Some patients are more comfortable writing about their sexual concerns. This also saves time and helps practitioners gather a more detailed sexual history.
Have brochures or posters in the waiting room.
Having materials with sexuality information reassures patients that such conversations are permissible.
Mail educational materials ahead of time.
Patients can be made aware of sexual issues related to medications before their appointments, giving both parties the opportunity to process the information expeditiously during clinical services.
Ask one question during clinical services, like how pleasurable is sex for you at this point in your life?

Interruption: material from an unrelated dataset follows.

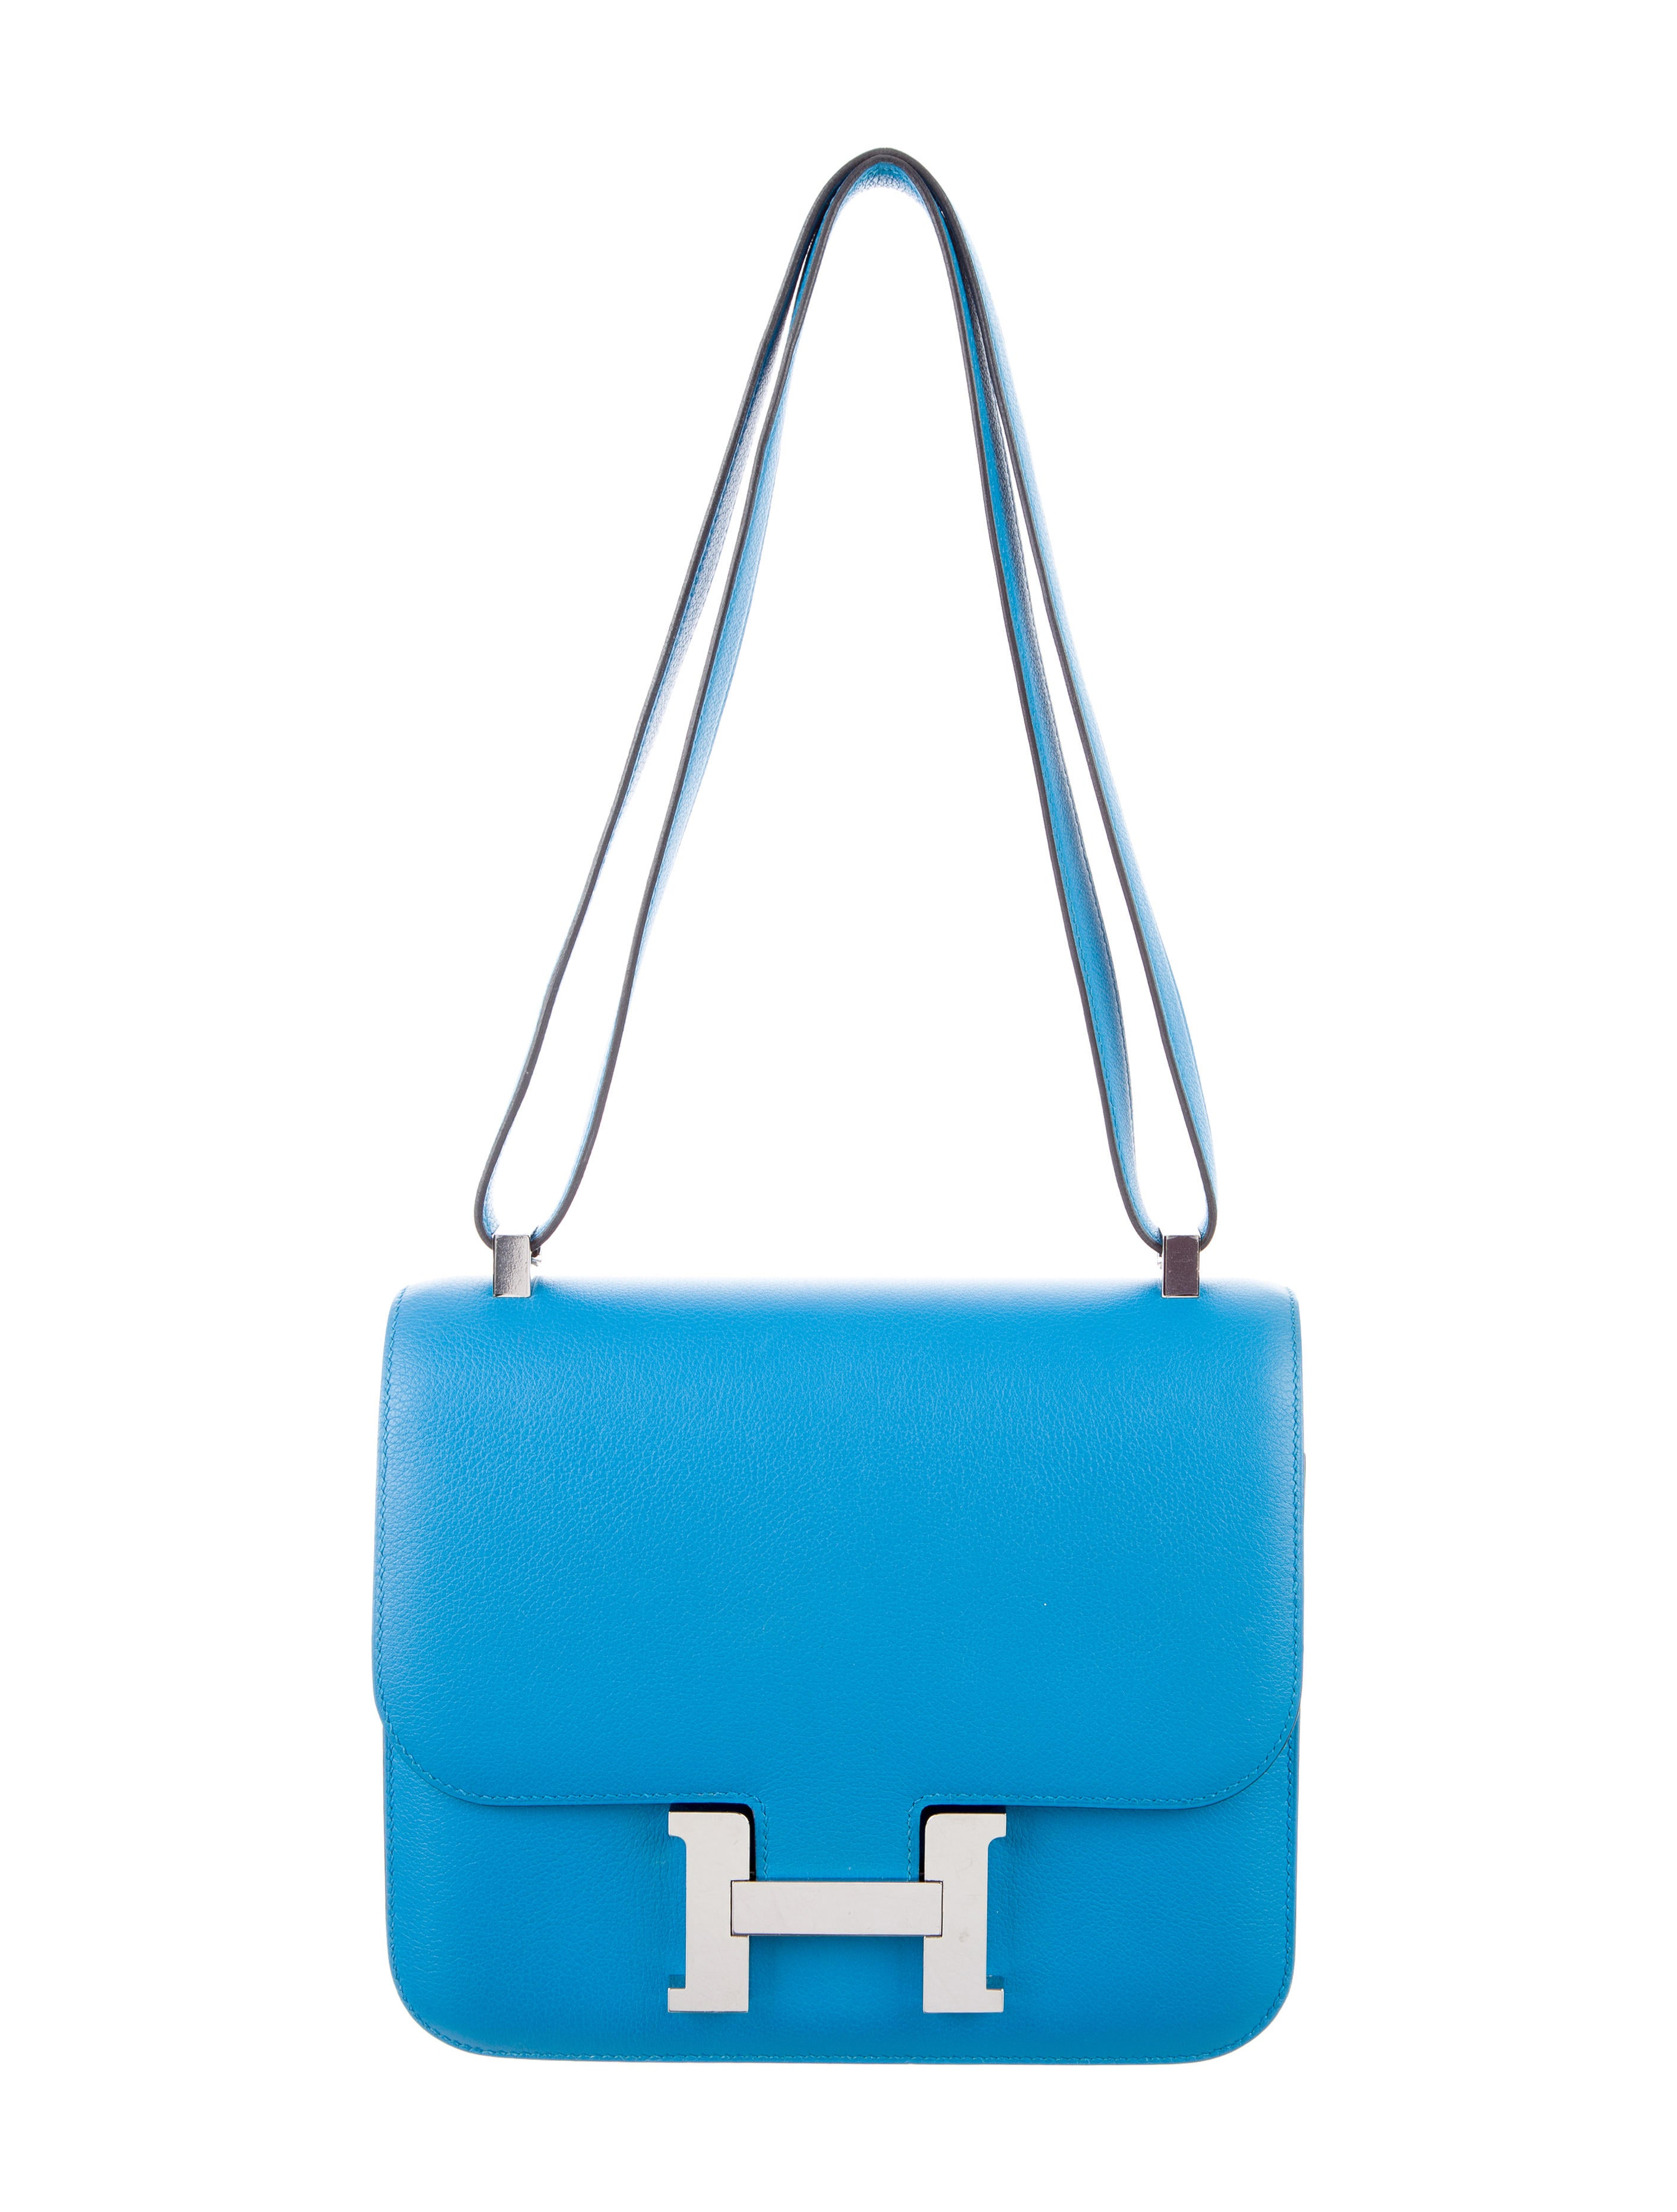 herm s evercolor constance 24 handbags her108899 the realreal. Black Bedroom Furniture Sets. Home Design Ideas

Such open-ended, single-question inquiries can be highly effective in identifying patient concerns or problems. Even patients who do not open up on their first visit may be willing to follow up during subsequent examinations.
Refer when necessary.
Practitioners need to be willing to refer, sometimes outside of medicine, as Siegel advises: “Doctors have a few minutes to do what they need to do and get out. A number will admit that they don’t have experience or training to do counseling and work with sexuality issues. Those who do refer do an M.D. lateral hand-off with a psychiatrist versus a sex therapist. They don’t know who sex therapists are or what we do, but need to know.”
Participate in sexuality training opportunities.
An evaluation of a sexual history-taking curriculum for second-year medical students, implemented at Northeastern Ohio Universities College of Medicine, showed how workshops, small-group discussions and readings can improve medical students’ performance at taking sexual histories. The evaluation found that 84 percent of students asked at least one sexual history question on the Clinical Skills Assessment. The American Medical Student Association’s Sexual Health Scholars Program has also sought to benefit physicians-in-training, with sex educator Melanie Davis finding that students get over fears and build their comfort levels in activities like role playing. “Practitioners have to act comfortably, projecting that it’s normal to ask about sex. This ability to collect sexuality-related information is critical to overall health, and needs to become part of normal protocol and risk assessment.”